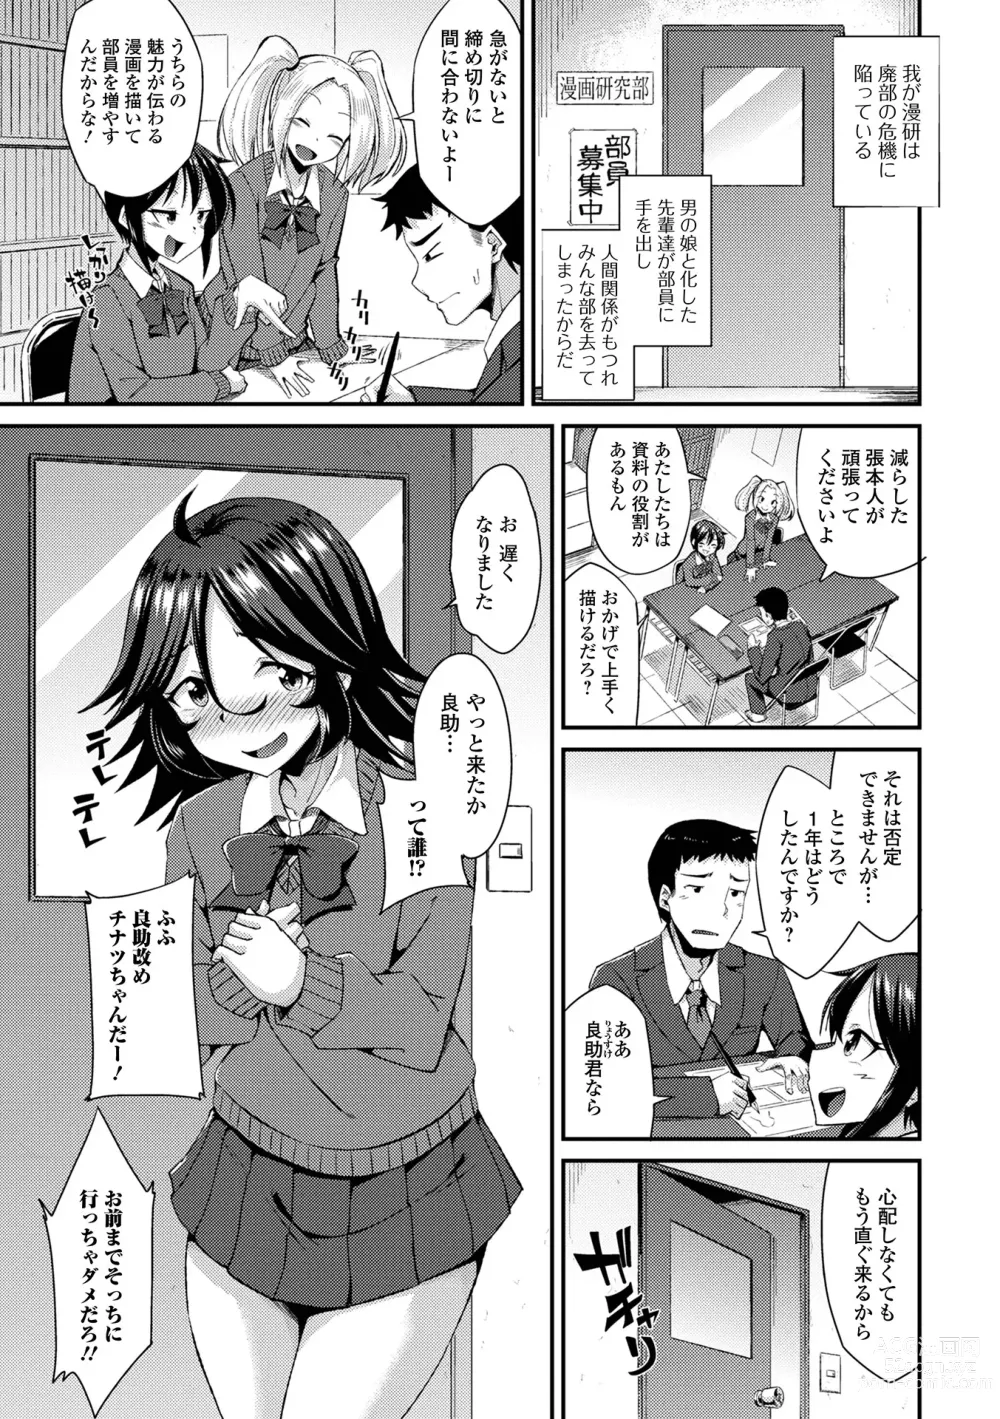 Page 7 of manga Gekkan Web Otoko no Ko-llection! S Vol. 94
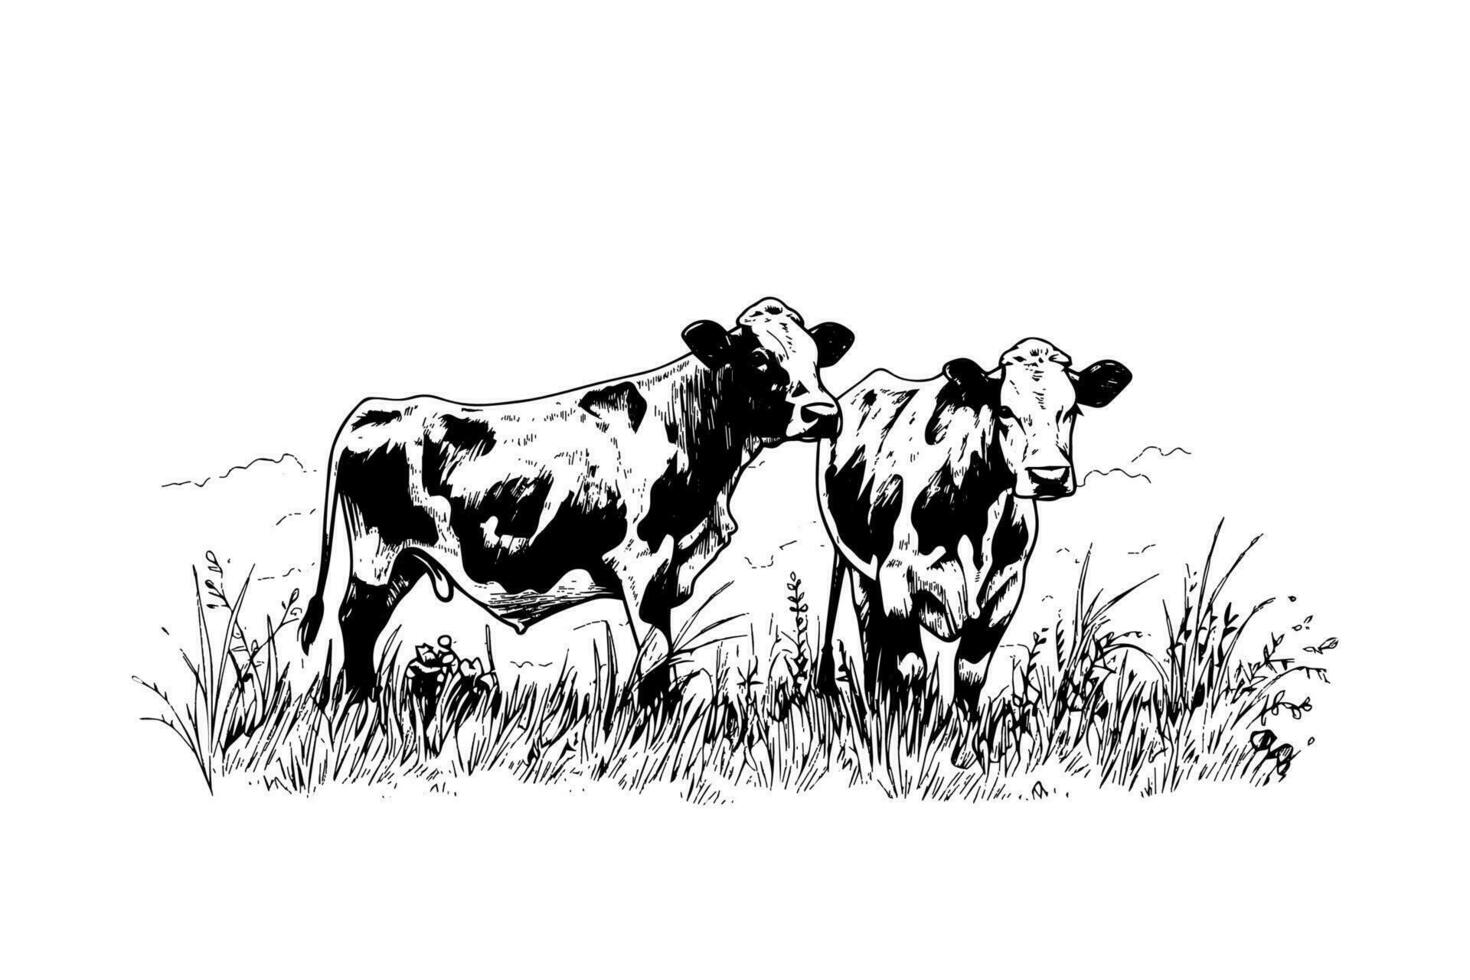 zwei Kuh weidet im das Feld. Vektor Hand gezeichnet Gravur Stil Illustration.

..............................

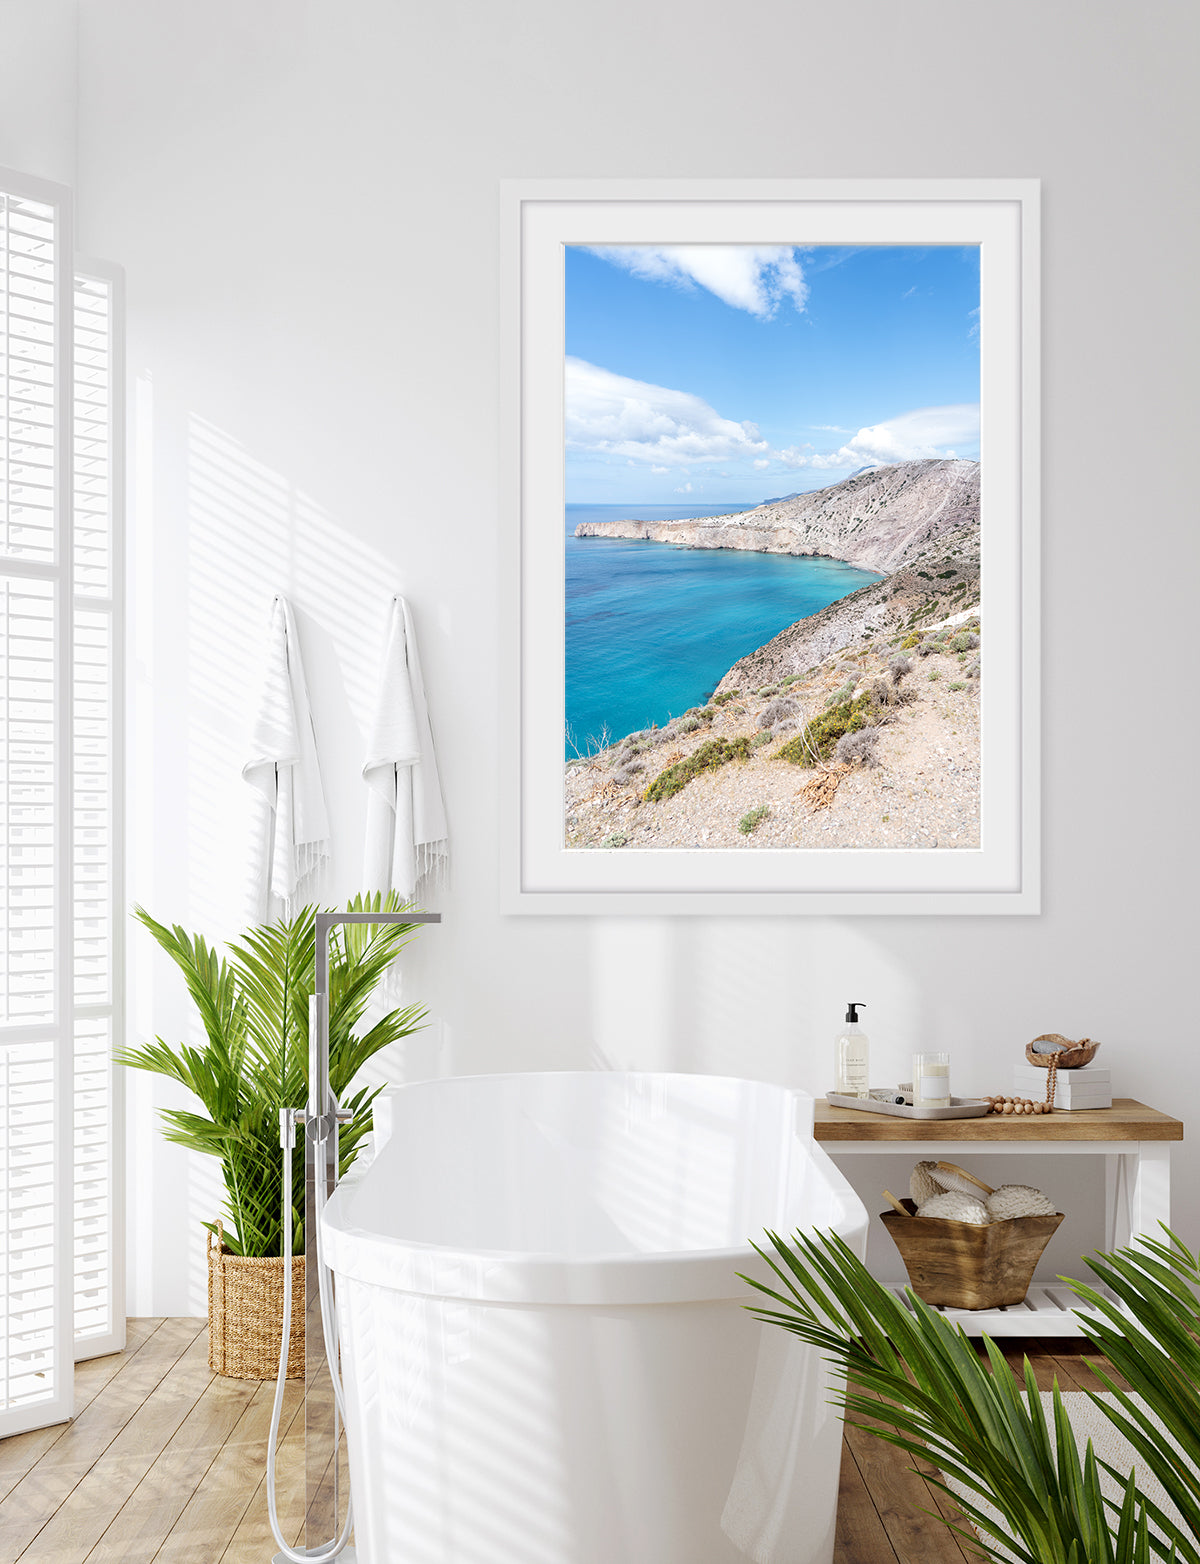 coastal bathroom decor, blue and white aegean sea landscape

..............................

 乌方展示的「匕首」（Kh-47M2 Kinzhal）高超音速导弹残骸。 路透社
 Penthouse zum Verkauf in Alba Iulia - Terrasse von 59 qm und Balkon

..............................

What belongs in the answer is each line above from the line with "Page 7 of manga" to the line with "zwei Kuh weidet", inclusive, reproduced exactly and free of pictures.

SOLUTION TO THE EXERCISE:
 Page 7 of manga Gekkan Web Otoko no Ko-llection! S Vol. 94
 zwei Kuh weidet im das Feld. Vektor Hand gezeichnet Gravur Stil Illustration.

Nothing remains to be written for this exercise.